Gruesome cases from Brighton’s past feature in the nation’s first ever guide to historic crimes in Britain’s pubs and hotels.
Murder at The Inn: A History of Crime in Britain’s Pubs and Hotels, reveals where to find more than 250 hostelries across the country linked to cases of murder and mayhem.
As well as featuring well known criminals like the Krays, Dick Turpin and Jack the Ripper the book also reveals the details of criminal cases from Brighton.
A whole chapter is devoted to the sorry tale of how Thomas Packham, landlord of the Marlborough Inn in Princes Street, killed his wife Lucy in a drunken rage.
But despite an inquest finding Mrs Packham’s cause of death to be wilful murder at Thomas’s hands, a jury later acquitted him of murder and guilty of the lesser charge of manslaughter.

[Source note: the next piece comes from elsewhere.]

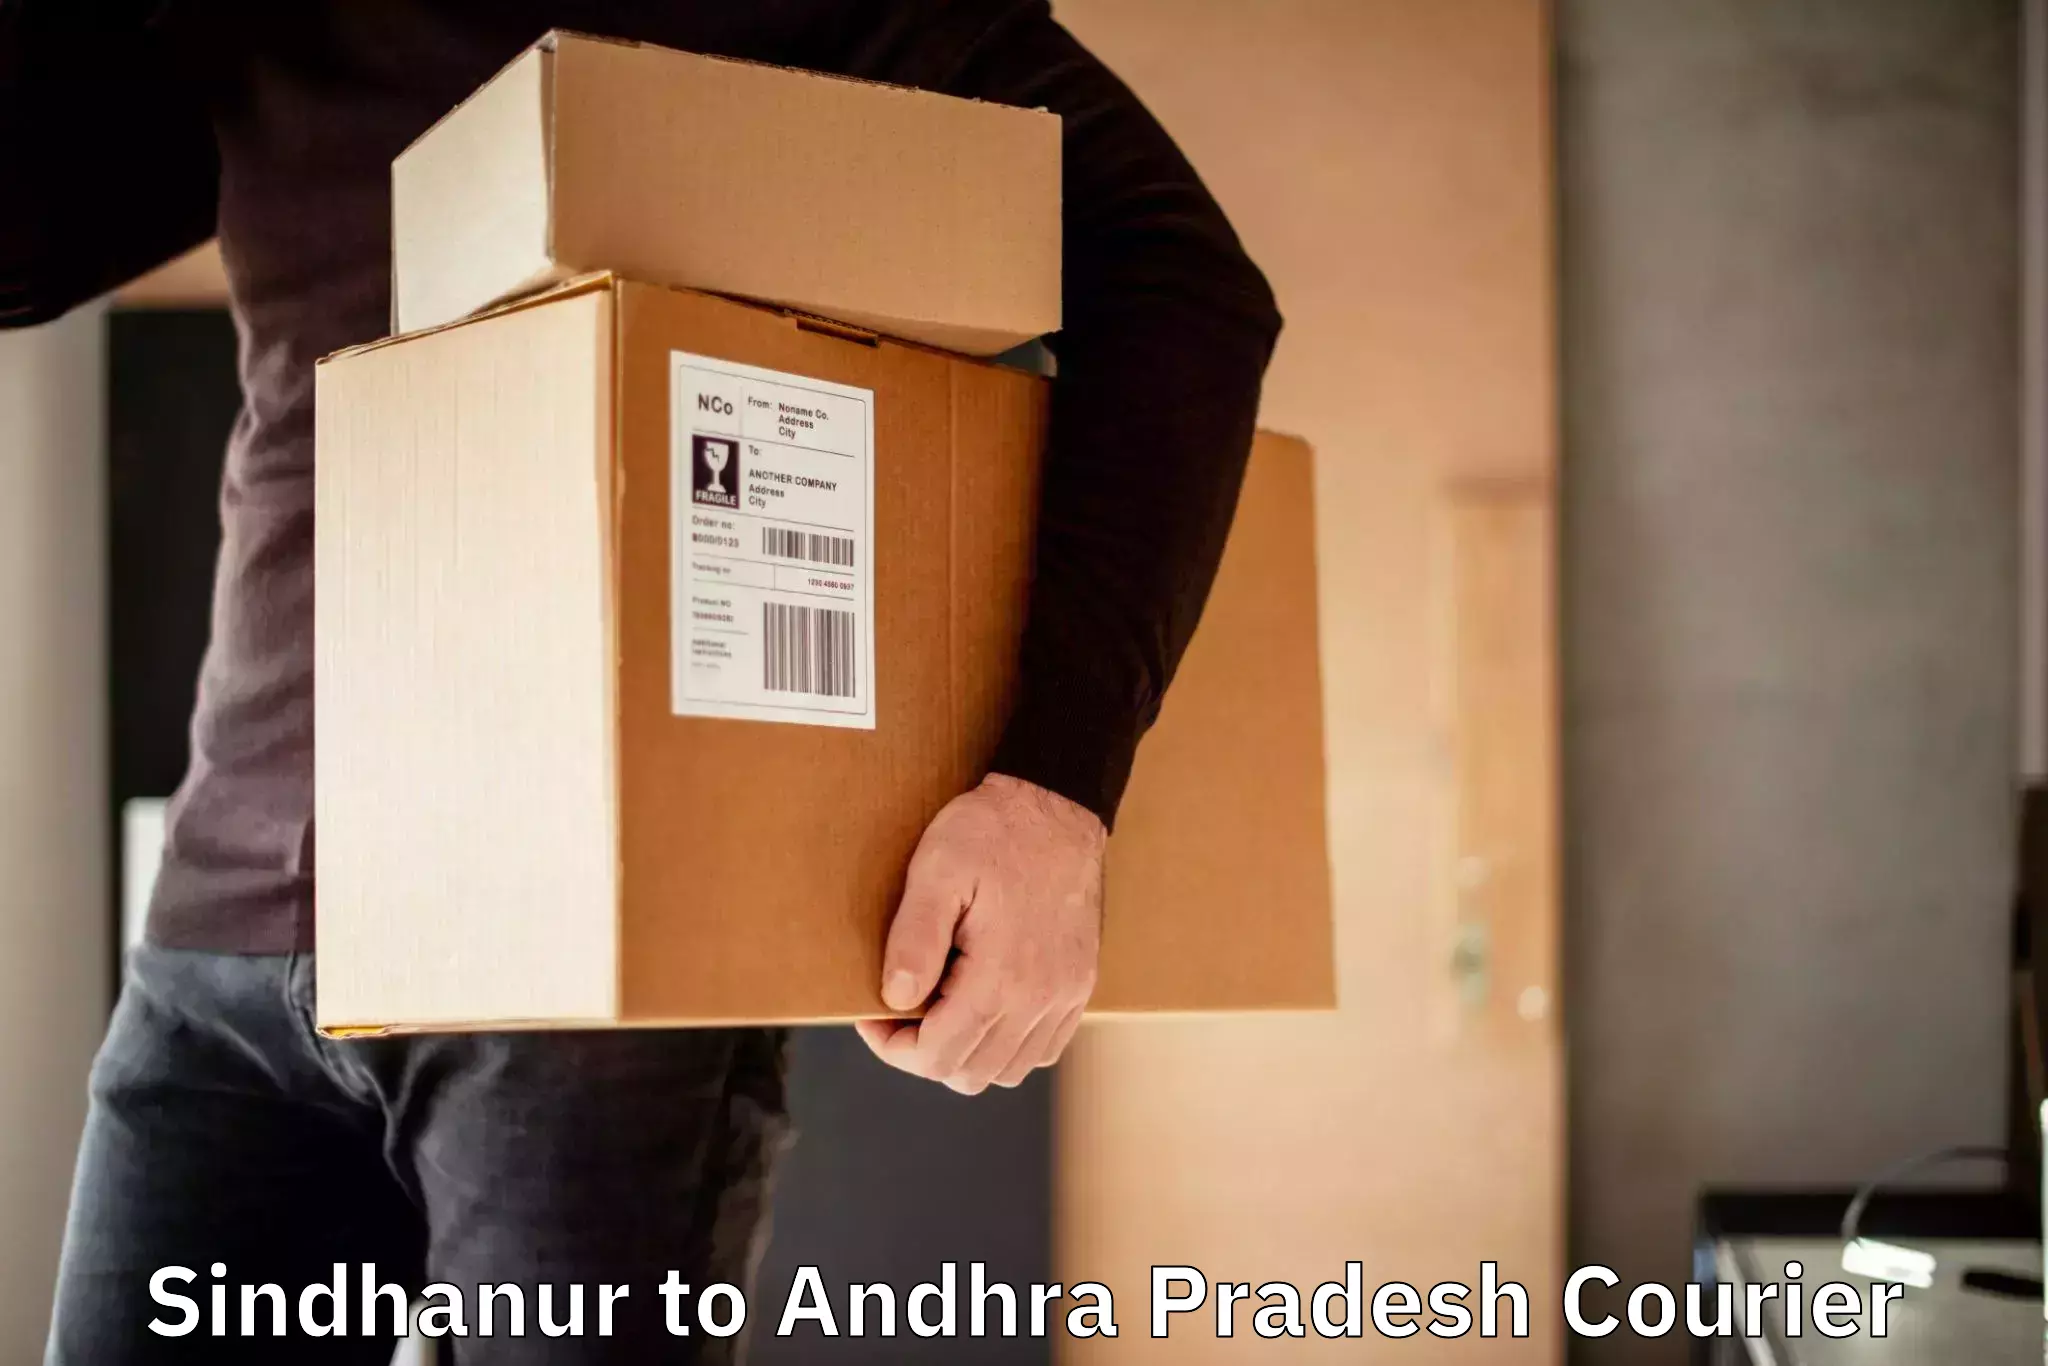 On-call courier service Sindhanur to Naidupeta

The hotel, now the Marlborough Pub and Theatre, still remembers the unfortunate victim, and serves a Lucy Packham cocktail made with rum, pineapple juice and a splash of Chambord.
Bar manager Cat Kimber said: “We’ve got a story on the wall here. Whether she actually haunts us or not, most of believe she still has a presence here.”
Other Brighton cases include how acid bath murderer John George Haigh lured victims from the Metropole, the bombing of the Grand Hotel in 1984 and a man who was apprehended at The Windmill, now the Dyke Pub & Kitchen for murder in 1887.
James Moore says: “The history of Britain’s pubs, inns and hotels has gone hand in hand with the history of crime.
“Now, for the first time we link pubs that can still be found today with captivating and sometimes horrifying tales from their past.”